In the early years of my career, I relished the moments when colleagues and clients recognized my skill. It felt like validation — proof that my effort had meaning.
Being good felt like a promise — until it felt like a demand.
Competence didn’t free me — it chained me to a rising standard.
When Praise Felt Temporary
Praise was a pattern at first. Get it right, hear the acknowledgment, feel the satisfaction. But as the years unfolded, that cycle became predictable and unmoored from joy.
Even the satisfaction I described in earlier pieces — like the quick relief in “The Moment Winning Started to Feel Hollow” — felt fleeting, replaced immediately by the expectation to do it again, do it better.
Praise arrived, and then it left, like a breath held too long.
Applause felt like a doorway, not a dwelling.
When Good Was the Baseline
As my skill grew, so did the baseline for what was considered “good.” No longer was competence enough — it had to be elevated, sustained, outpaced. It was less about what I had done and more about what I had to do next.
This relentless escalation echoed the same quiet pressure I felt with bills and measurement — similar to how the billable hour made every minute count in “When the Billable Hour Quietly Took Over My Life”.
Good was just the starting line for the next thing.
Competence became the threshold of anxiety, not assurance.
When Being Good Felt Like Bare Minimum
It wasn’t that I stopped caring about quality. I did.

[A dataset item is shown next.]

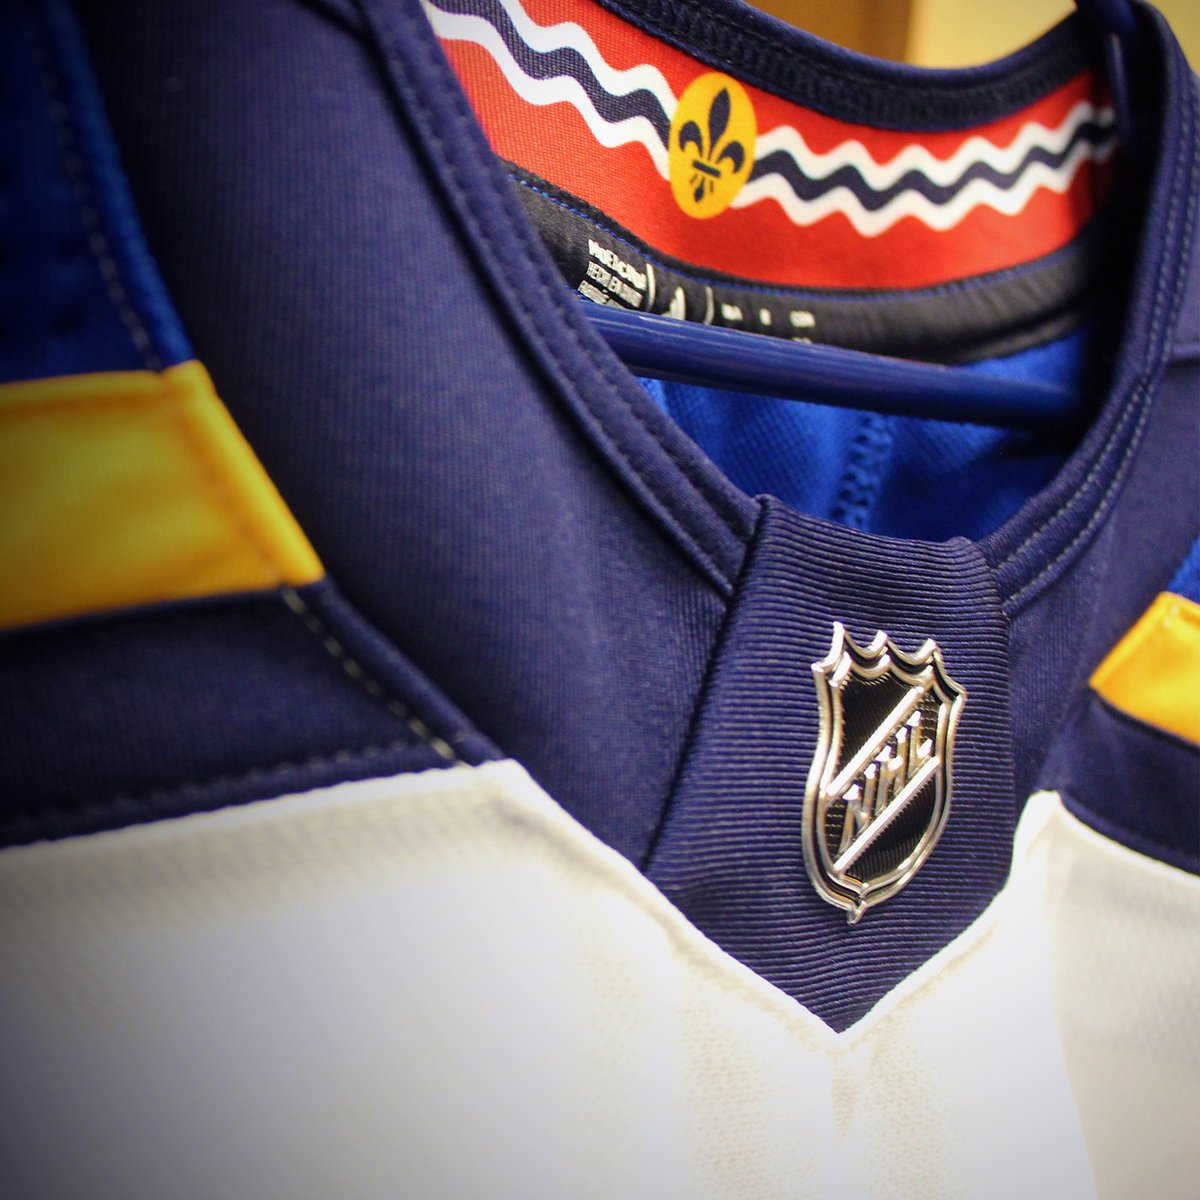 😍 @adidashockey #FormTheFuture #stlblues https://t.co/LsghqUQa7l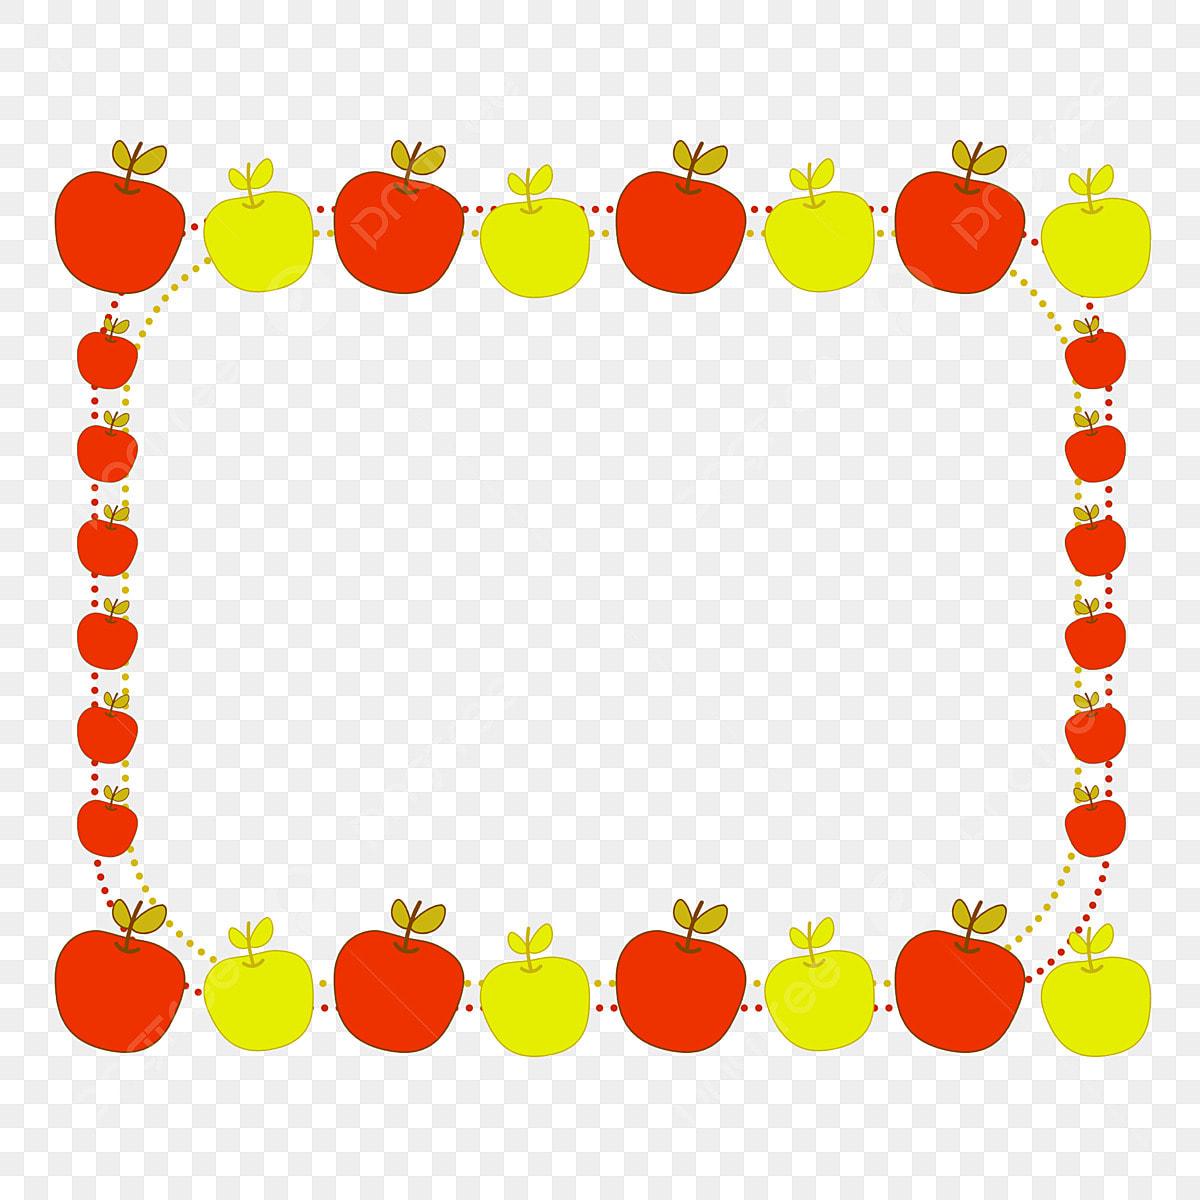 Apple Fruit Cartoon Border Border Fruit Apple Png Transparent Clipart Image And Psd File For Free Download

But the experience of care became wrapped in the fear that being good once meant I had to be good again, always again, without pause.
I noticed it in myself when I read through my work late at night, not because I doubted the outcome — but because I feared the judgment of falling short.
Being good became a quiet, unspoken burden.
What once felt like accomplishment became a bare minimum to uphold.
Did being good ever feel fulfilling?
Yes — in the brief, fleeting moments right after recognition. But it never lasted beyond the arrival of the next task.
Were others aware of this pressure?
Sometimes they admired the work, but few understood the silent cost of always being expected to exceed it.
Does it ever feel enough now?
The feeling of “enough” comes less from external acknowledgment and more from rare moments of internal stillness.
Being good didn’t make it easier — it made the standard rise.